Boston Doctor To Receive Presidential Medal

Dr. T. Berry Brazelton will be awarded the prize for his work with pediatrics and newborn development.

T. Berry Brazelton

Dr. T. Berry Brazelton. Photo courtesy of Insieme/Fulvia Farassino

Dr. T. Berry Brazelton, a Boston doctor responsible for such revolutionary developments as the Neonatal Behavioral Assessment Scale (NBAS), will be awarded a Presidential Citizens Medal tomorrow in Washington, D.C. Brazelton and 12 others were selected from 6,000 nominees to receive the medal, a prize designed to honor Americans who have made major contributions to the country or their community through service. It is the second-highest civilian honor, after the Presidential Medal of Freedom.

“I was so excited, my god,” Brazelton says of learning he had been chosen. “I never expected to get it. It was thrilling.”

Brazelton’s achievements are many, but he says NBAS, a scale used to asses the physical, neurological, and emotional health of newborns as well as their individual differences, is his greatest achievement. Brazelton began work on the scale in 1955 when, he says, people treated babies like “lumps of clay” and it was introduced for the first time in 1973. “We now use it to show parents how exciting their babies are, and what their baby’s temperament is like, and how to nurture each child as an individual,” Brazelton says. “Using the newborn assessment has taught us how important it is to start with babies and families right from the start.”

Josh Sparrow, director of strategy, planning, and program development at the Boston Children’s Hospital Brazelton Touchpoints Center, which is aimed at guiding childhood development through strengthening the relationship between families and babies, says the field wouldn’t be the same without the NBAS. “It’s the kind of thing that’s had so much impact that people don’t really even recognize anymore where these changes come from, and kind of take it all for granted,” Sparrow says. “It’s completely transformed all of the fields related to newborn behavior.”

The Touchpoint Center, which also encompasses the Brazelton Institute, a center devoted to promoting infant and family health, forms the basis for most of Brazelton and his team’s current work. Most recently, the group received a five-year, multimillion-dollar grant for disseminating research about family and child development. Sparrow says the grant will allow the organization to spread its teaching even further. “The focus is really to take the science and put it into practice,” he says, “and to take this new way of understanding how it is that children develop to professionals that are working with families, because it has really major implications for what they do in their work.”

In addition to the grant, Brazelton—who is still hard at work at age 94—and his team are collecting data on how their work has impacted families and children nationwide. “We’ve learned how little it takes to help these families help their children develop optimally,” Brazelton explains.

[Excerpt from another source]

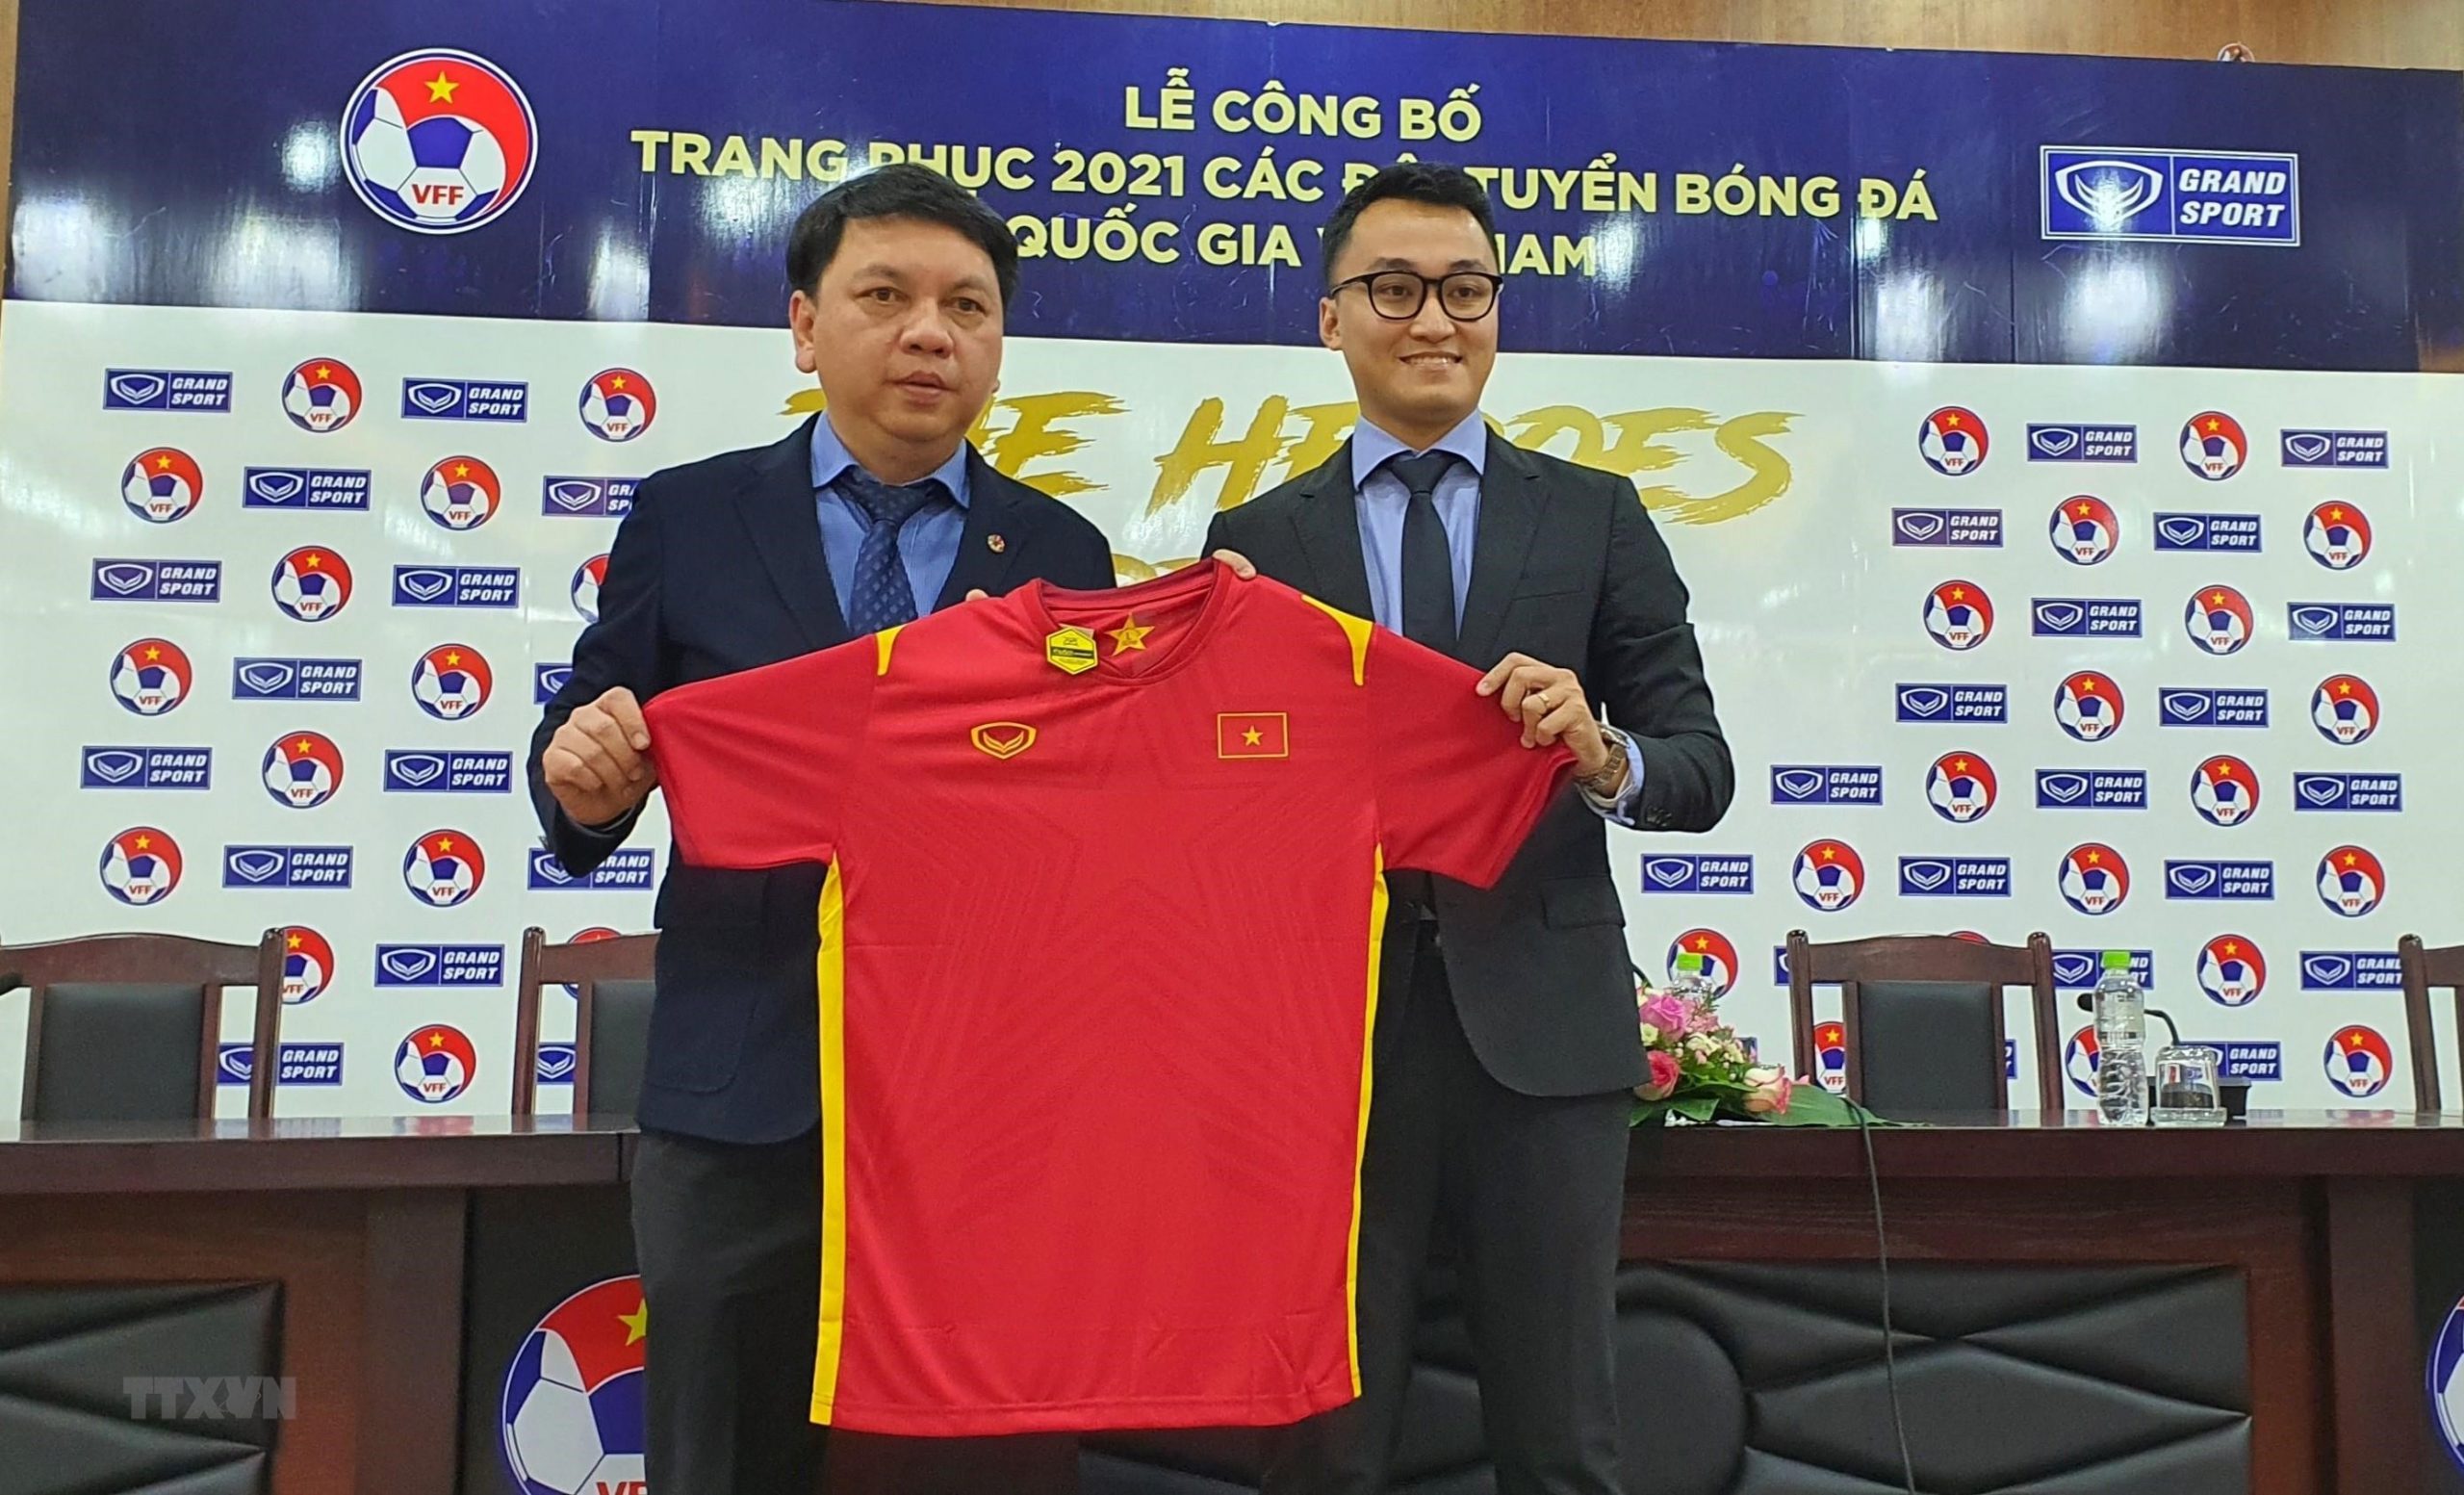 Grand Sport cũng là nhà tài trợ trang phục chính thức của đội tuyển Việt Nam

According to Sparrow, though, Brazelton himself—a professor emeritus at Harvard Medical School, and the author of more than 200 scholarly research papers—is largely to thank for that knowledge. “He really nurtured a couple of generations of leaders in all the fields related to infant and early childhood development,” Sparrow says. “And not just healthcare, but education and social services and policy and advocacy.”